ちなみに「カンパリシェカラート」とは、カンパリをカクテルシェイカーに入れて氷とシェイクするだけという至って単純なレシピのカクテルで、仕上がりはピンク色で上面に泡の層ができるというのが特徴です。空気が混ざることによって、もともとのカンパリとは違った姿に変わるわけですが、ただシェイクして空気と混ぜるだけという、このシンプルの動作に技術の差がはっきりと表れるんですね。

この「カンパリシェカラート」、本場のイタリアでは氷とシェイクしたあと再度シェイカーに戻して、液体のみをさらにシェイクするという手の込んだレシピで提供するお店もあるそうです。実はこの工程をハンドブレンダーで代用するという裏技もあると教えてもらいましたが、家で作るならそういう方法でも全然ありですよね。
オリジナルカクテル
トップバーテンダーが作るオリジナルレシピのカクテル
カクテルラボ
トップバーテンダーによる実演
プロの料理人の料理と家庭の料理にそれぞれ違うよさがあるように、プロのバーテンダーの作るカクテルと家で楽しむカクテルが違ってもいいと思うんですよね。プロの作るカクテルのほうがおいしいという事実は間違いないのですが、家で好きなように作るのもそれはそれで楽しいですよね。もちろん開ければすぐに飲める便利なお酒は多々ある中、カクテルを作るのはひと手間かかってしまうわけですが、そのひと手間をむしろ楽しんで自分だけの1杯を作ってもらえればと思うのです。

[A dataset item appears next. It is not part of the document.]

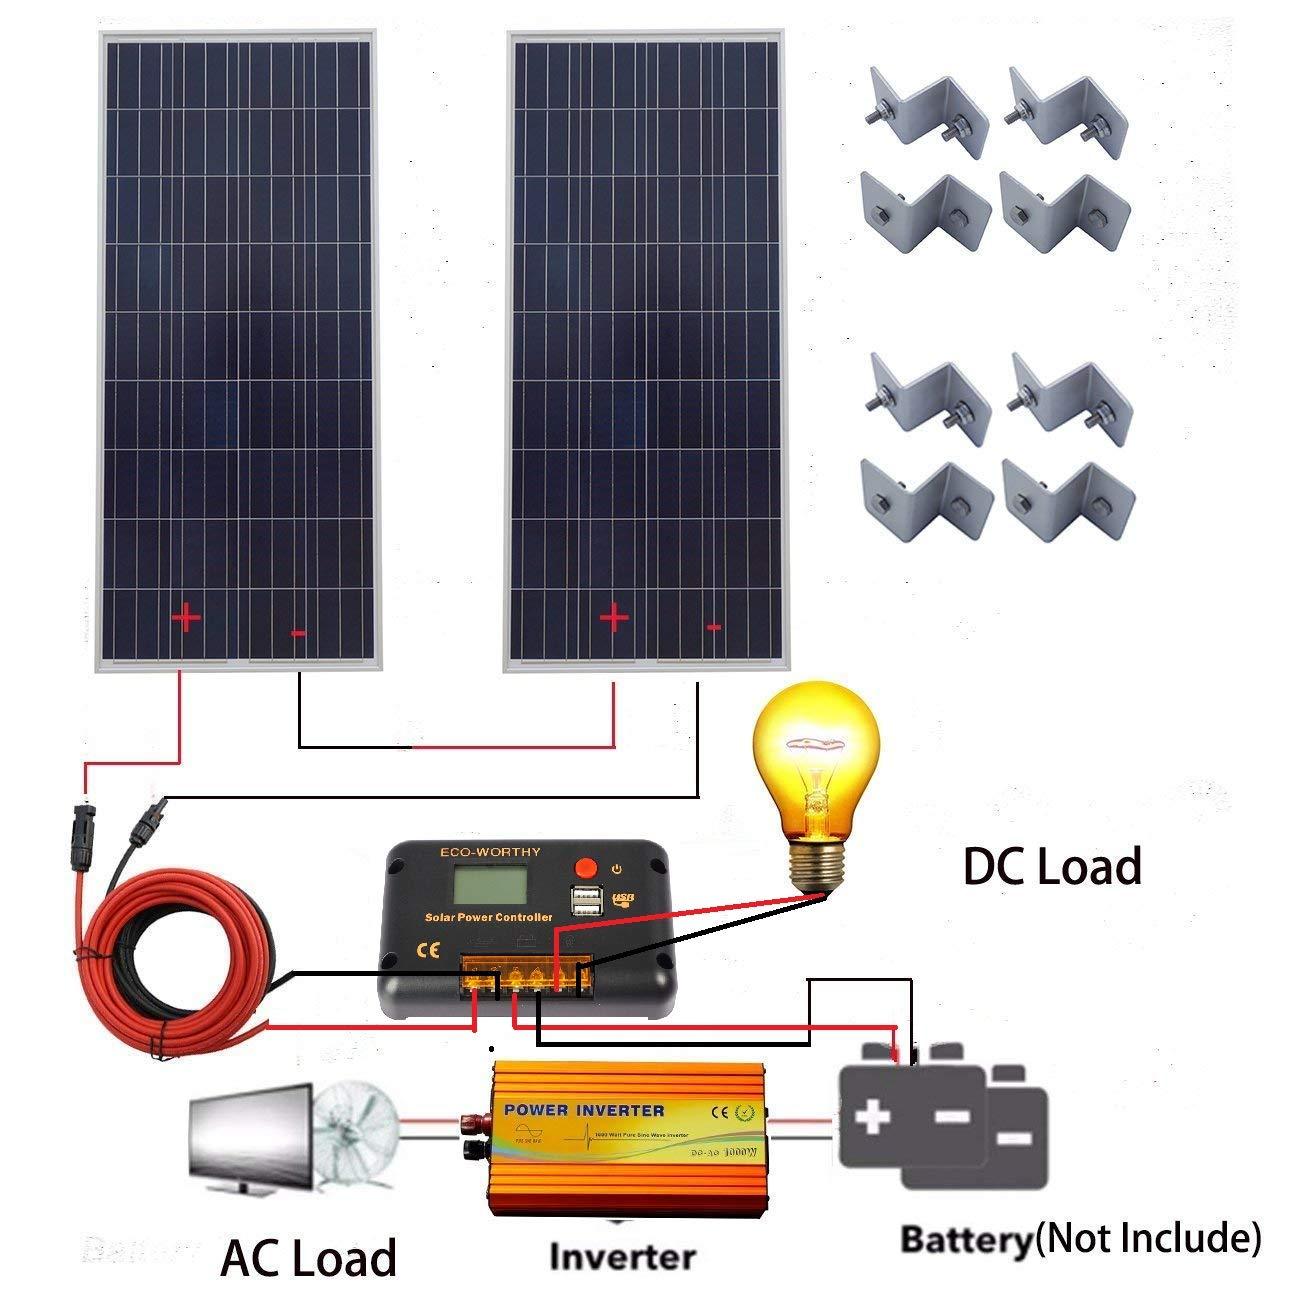 【メール便送料無料対応可】 ECO-WORTHY 300W ソーラーパネル 300W 24V オフグリッドソーラーキット: B01MTG57WL 2個 160W ソーラーパネル+ソーラーチャージコントローラー+1000W 2個 正弦波インバーター+MC4 ソーラケーブル+ソーラーパネルマウント取付金具 B01MTG57WL, アーキサイト@ダイレクト:32ef0ee5 --- a0267596.xsph.ru

そんなわけでたっぷり楽しませていただいた今回のイベント、あらためてカクテルの素晴らしさを体感することができました。またバーで本格的なカクテルを楽しみたいなと思うのとともに、これからは家飲みでも気軽にカクテルを楽しんでみたいと思いました。みなさまもぜひ、自分だけのおうちカクテルをお楽しみください。


※記事の情報は2023年4月3日時点のものです。